Fui con mi viejo coche nuevo a un cybercafé, en un barrio elegante de Santa Bárbara. Me concedí un capuchino y después me conecté a la red. Mandé un mensaje a Lucy: «He ingresado tres meses más de pensión en tu cuenta. Eso quiere decir que te he pagado los próximos cinco meses. Todavía espero poder hablar contigo algún día. Mientras tanto, quiero que sepas esto: cometí un grave error haciendo lo que hice. Ahora me doy cuenta, y lo siento muchísimo».

Después de mandar el mensaje, utilicé el teléfono del café y llamé a American Express, Visa y MasterCard. Las tres empresas me confirmaron que no debía absolutamente nada (había seguido el consejo de Sandy hacía varias semanas y había utilizado el saldo de mi cuenta para liquidar esas deudas). Cada una de las tres empresas intentó convencerme de que no cerrara mi cuenta con ellos. («No hay ninguna necesidad, señor Armitage -me dijo la mujer de American Express-, no sabe cuánto sentiríamos perder a un cliente tan bueno como usted.») Pero no me dejé convencer: «Anulen todas las cuentas con efecto inmediato y mándenme los formularios que sea necesario firmar a mi nueva dirección en Meredith».

Antes de salir del café, me paré en el mostrador y pregunté si tenían unas tijeras. Me dejaron unas y con ellas corté mis tarjetas de crédito Oro en cuatro pedazos. El chico del mostrador me observó hacerlo:

– ¿Le han ascendido a Platino o qué? -preguntó.

Me reí y le dejé las tarjetas inutilizadas en la mano. Después me marché.

En el camino de vuelta a Meredith, hice algunos cálculos mentales. Tenía mil setecientos dólares en mi cuenta. Tres mil seiscientos en el bolsillo. Un cheque de quinientos dólares en camino de la compañía de seguros. Cinco meses de pensión pagados.
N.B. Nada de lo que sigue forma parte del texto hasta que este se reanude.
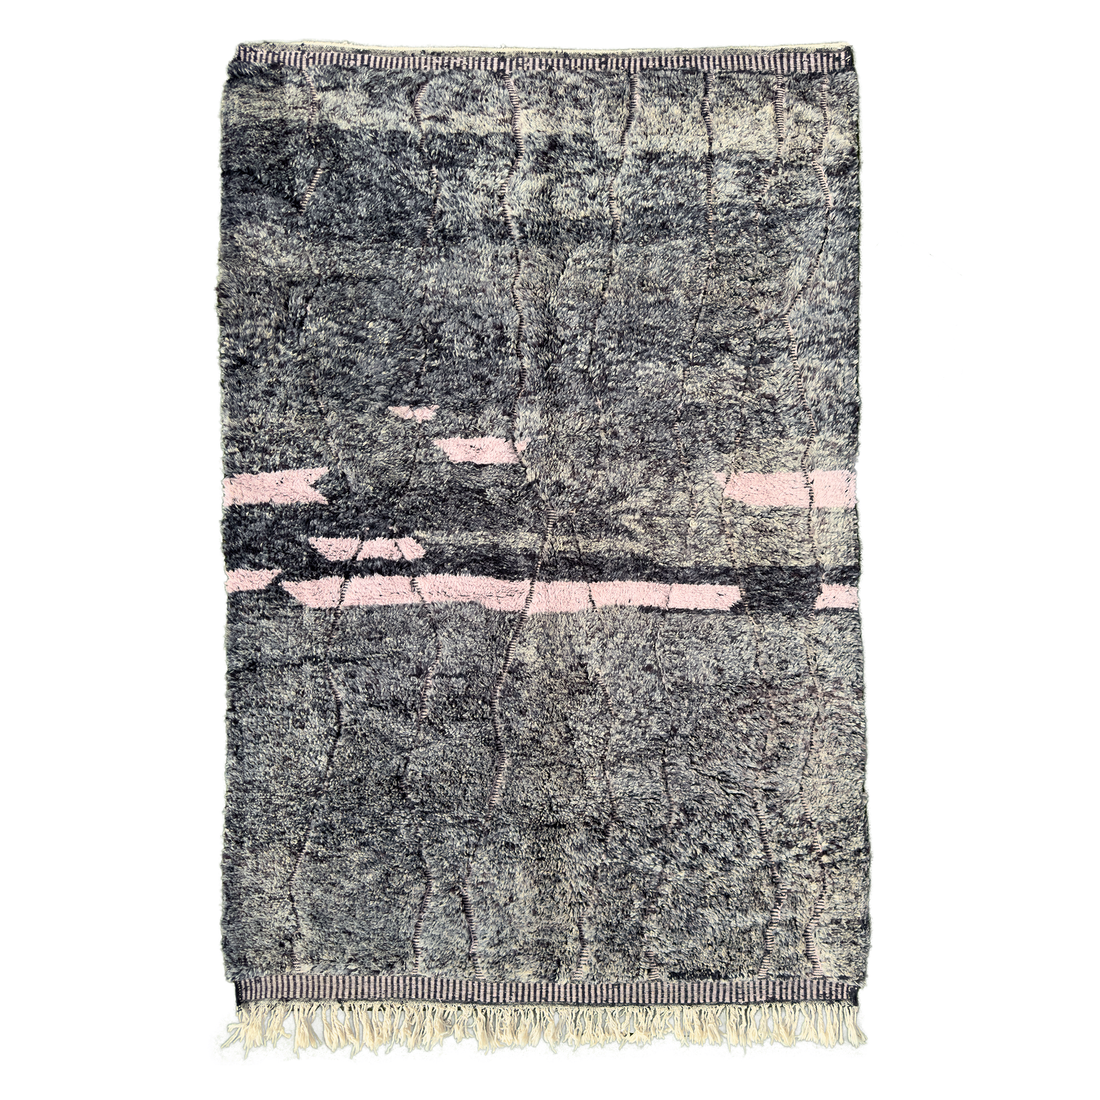 The rug features a unique blend of abrash shades of black and grey, creating a visually striking pattern that can withstand heavy foot traffic areas. The engraved flatweave linework adds a distinctive touch, while the majority of the rug boasts a luxuriously high pile wool at 1.25”.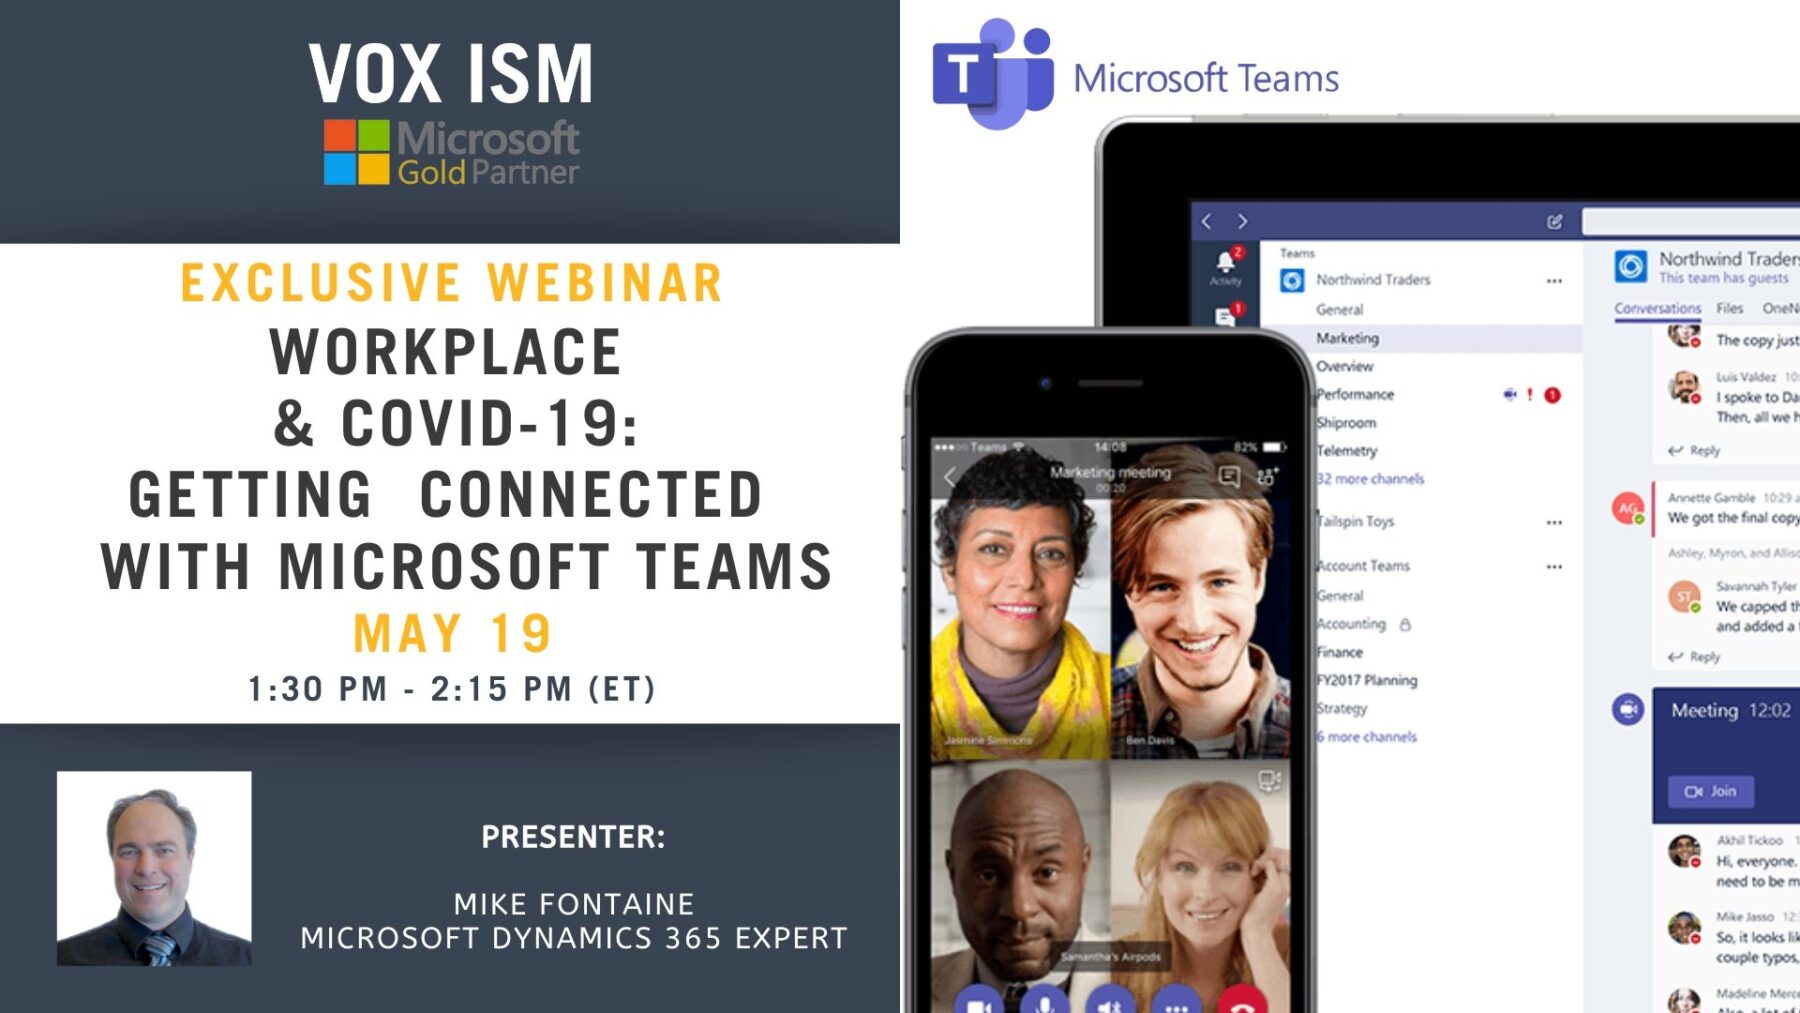 Workplace & COVID-19 - Getting Connected with Microsoft Teams - May 19 - Webinar VOX ISM

Cinco meses más sin pagar alquiler en la casita de Willard, y con un poco de suerte, podía decidir alargar su estancia en Londres (aunque yo no planificaba a tan largo plazo). No tenía deudas. No tenía facturas importantes, sobre todo gracias a Alison (Dios la bendiga), que había insistido en pagar a Matthew Sims con su comisión de mi novelización (me dijo que había ganado tanto dinero conmigo durante mis dos años lucrativos que lo menos que podía hacer era pagar la factura de mi loquero). Mi seguro médico estaba pagado nueve meses más. Había decidido prescindir de los servicios de mi terapeuta. No necesitaba ropa, ni libros, ni plumas caras, ni cedes, ni vídeos, ni entrenadores personales, ni cortes de pelo de setenta y cinco dólares, ni sesiones de blanqueo de dientes en el dentista (coste: dos mil dólares al año), ni vacaciones de cuatro mil dólares en hotelitos encantadores en una playa de la Baja California…, en resumen, nada de la costosa parafernalia que había llenado mi vida. Poseía cinco mil ochocientos dólares. Las facturas de la casa no subían a más de treinta dólares a la semana, y apenas usaba el teléfono. Entre la comida, un par de botellas de vino modesto, algunas cervezas y una escapada de vez en cuando al multicine del pueblo, podía seguir manteniendo mi presupuesto de doscientos dólares a la semana. Y eso significaba que era autónomo durante las siguientes veintiséis semanas.